## WHAT IS EXPECTED
In the records below, find the line containing "Jordan 88 Racer Running Shoe - Walmart" and the line containing "She male vampires sex pic". Give again exactly those lines and every line between them, omitting the pictures.

## DATA FOR THIS EXERCISE
+---+
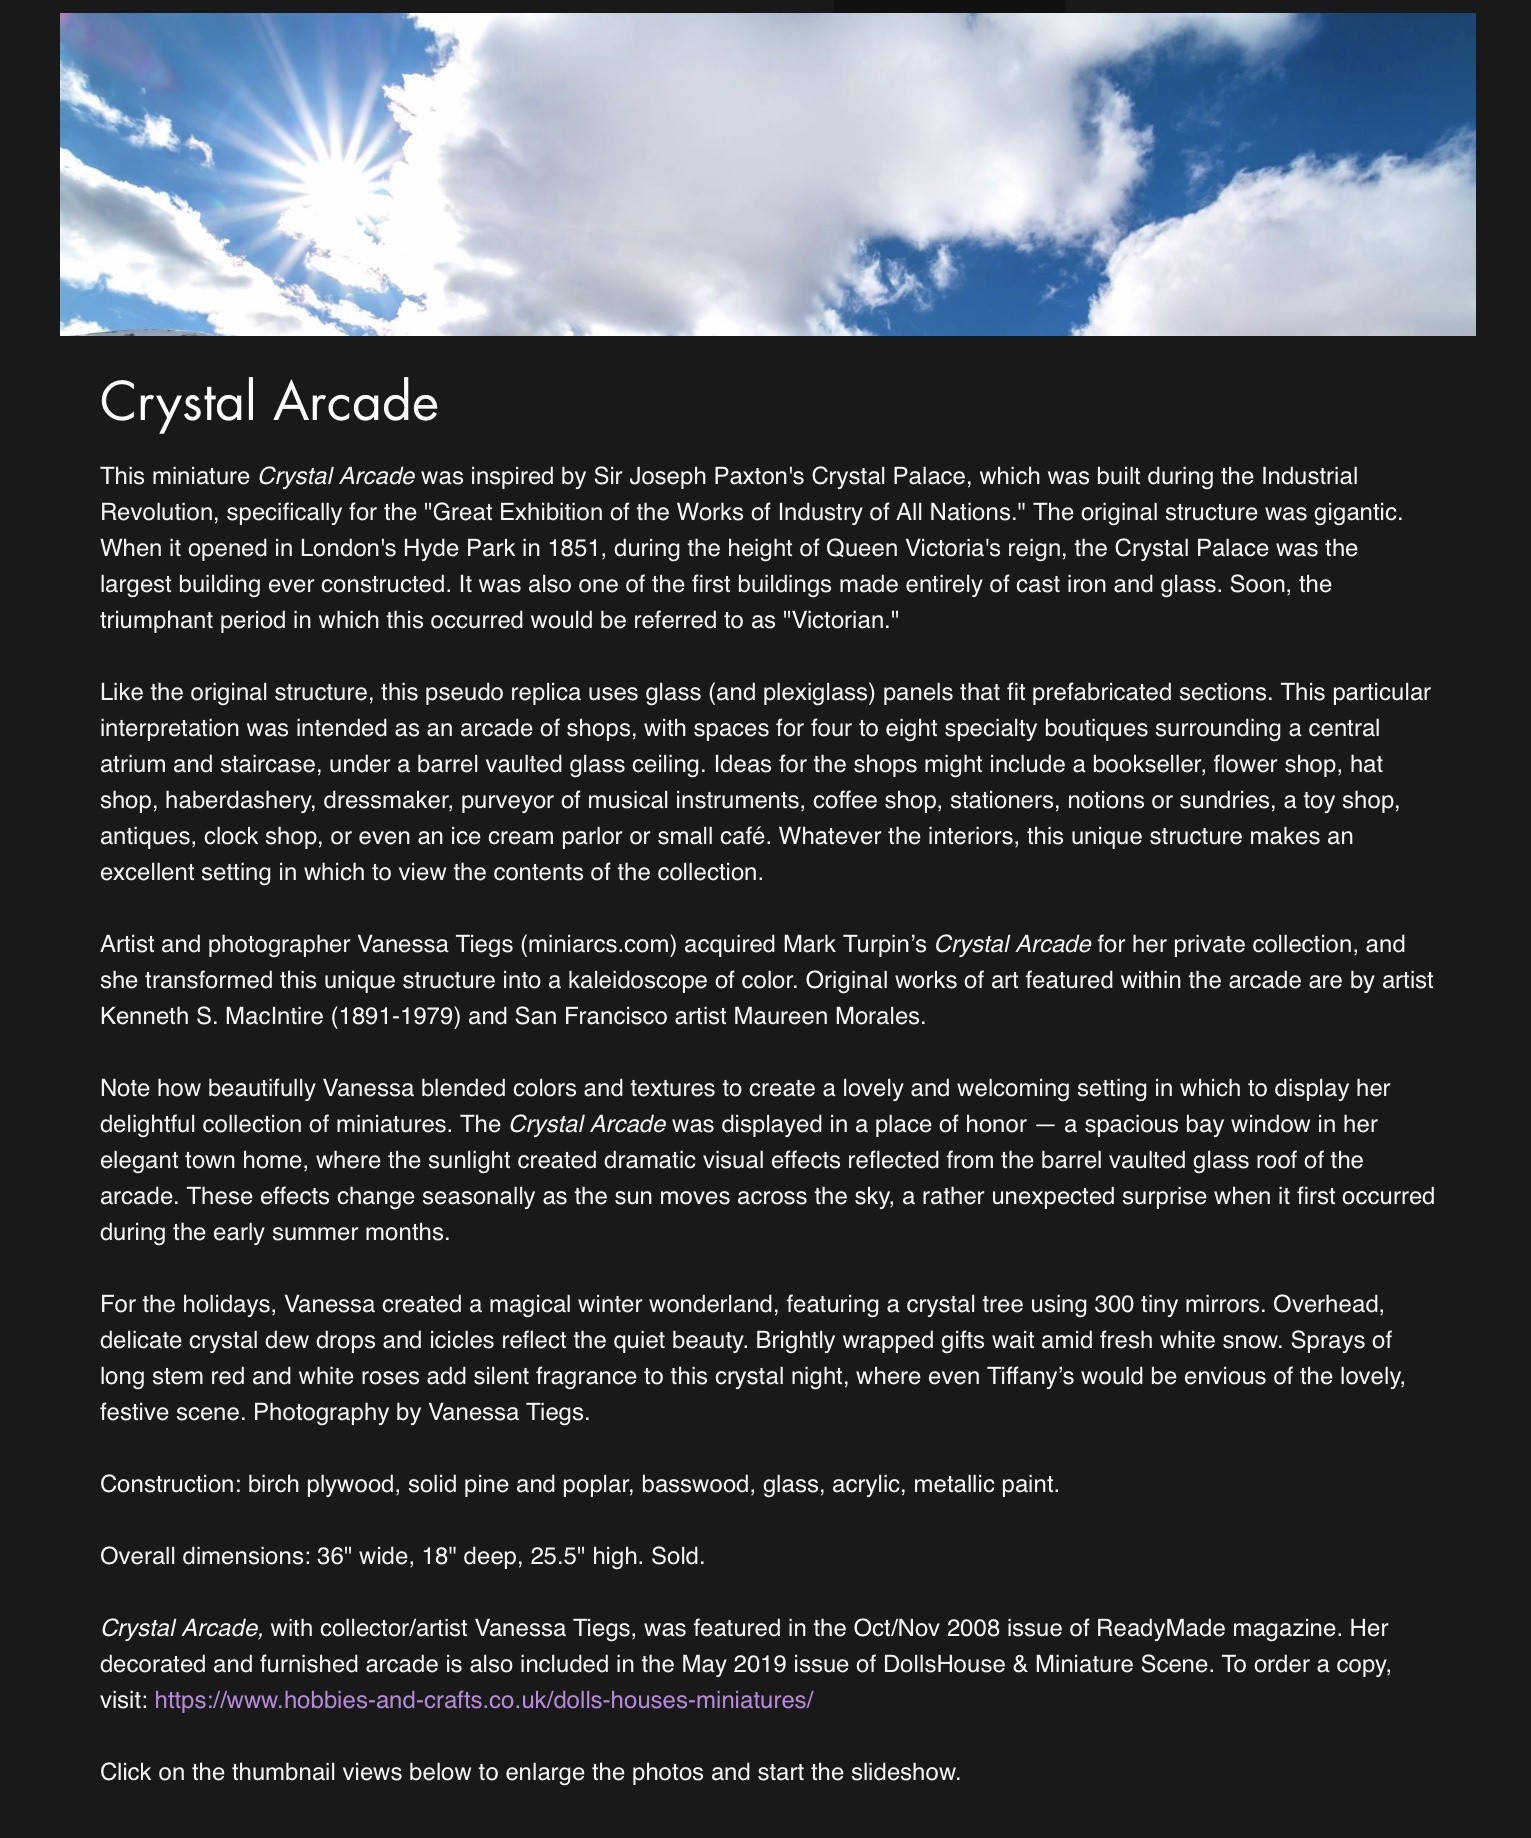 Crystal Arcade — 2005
+---+
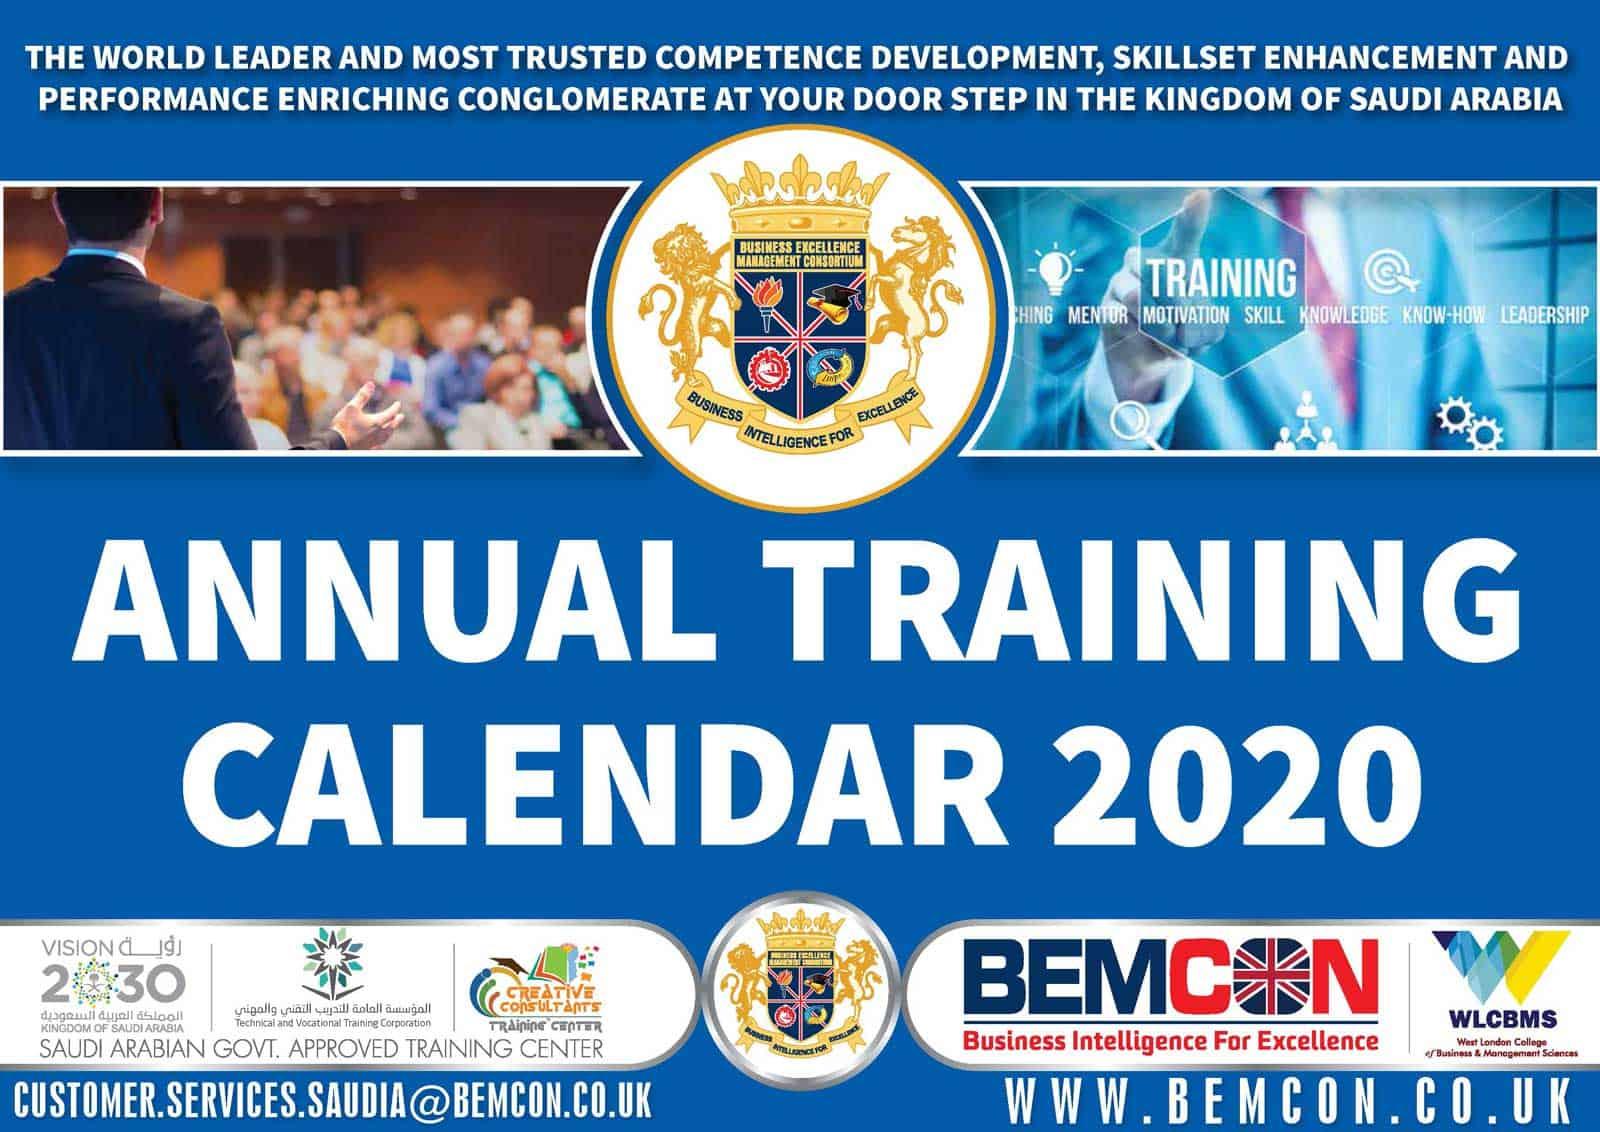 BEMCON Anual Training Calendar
+---+
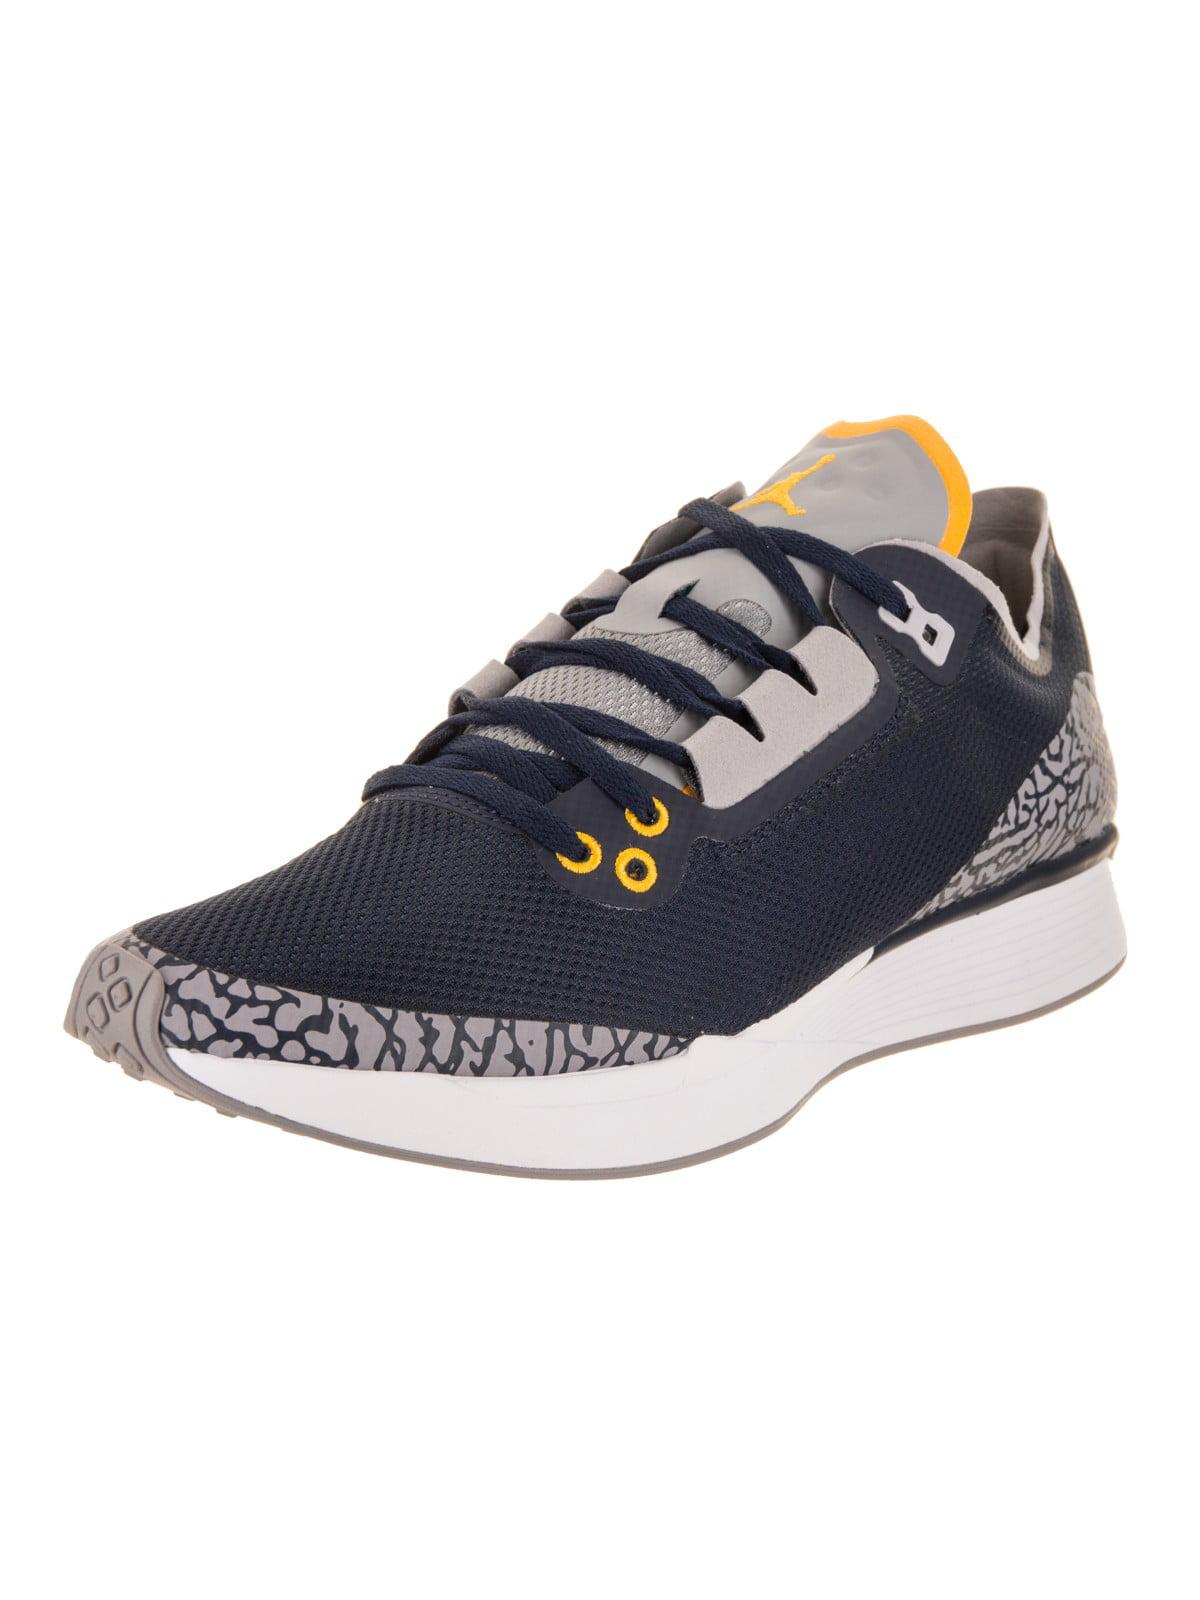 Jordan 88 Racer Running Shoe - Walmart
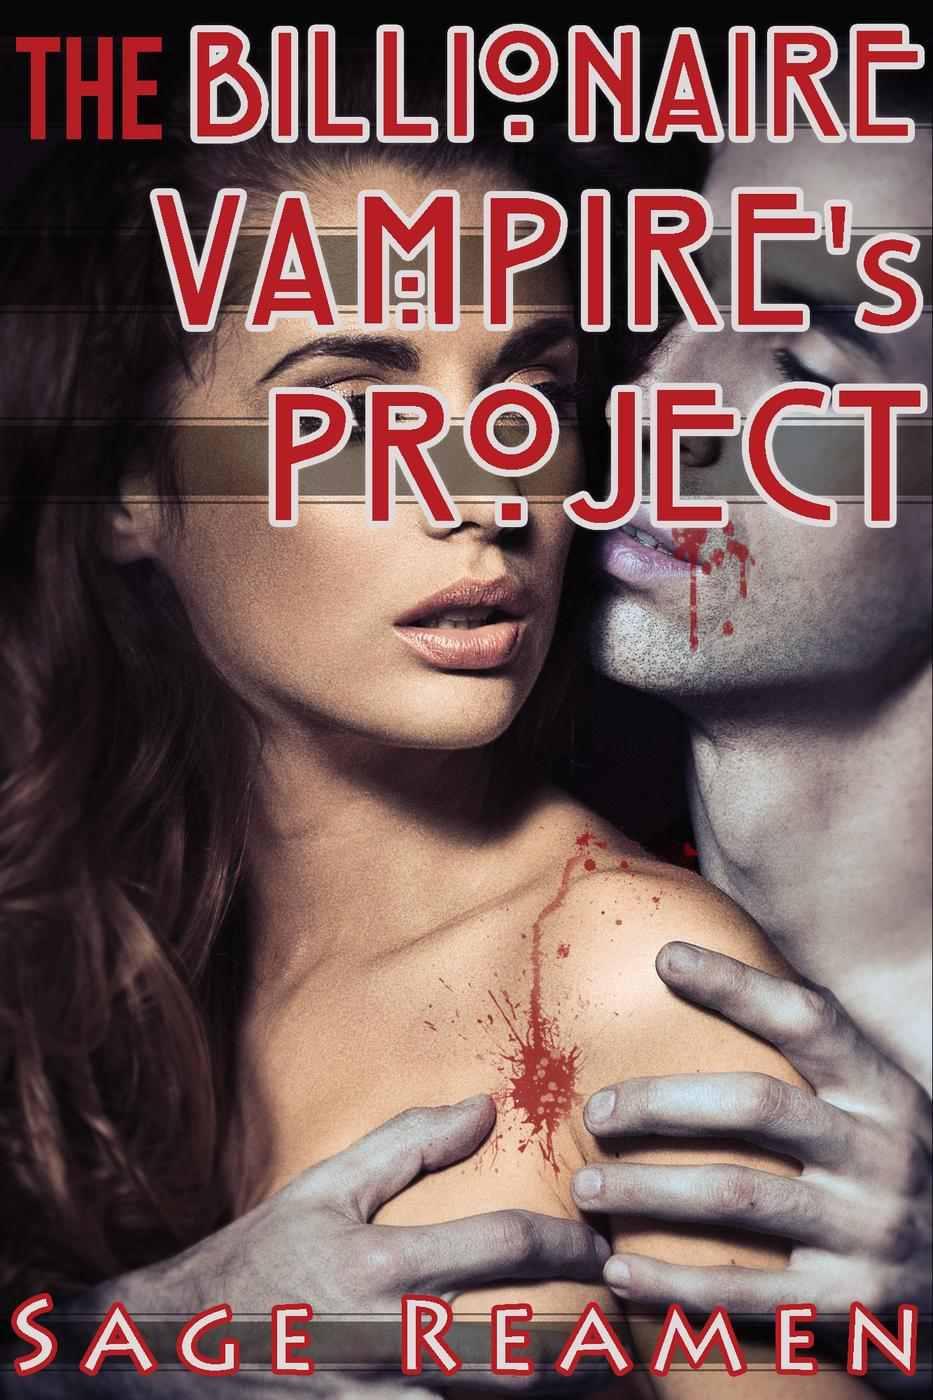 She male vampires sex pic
+---+
## TASK RESPONSE
 Jordan 88 Racer Running Shoe - Walmart
 She male vampires sex pic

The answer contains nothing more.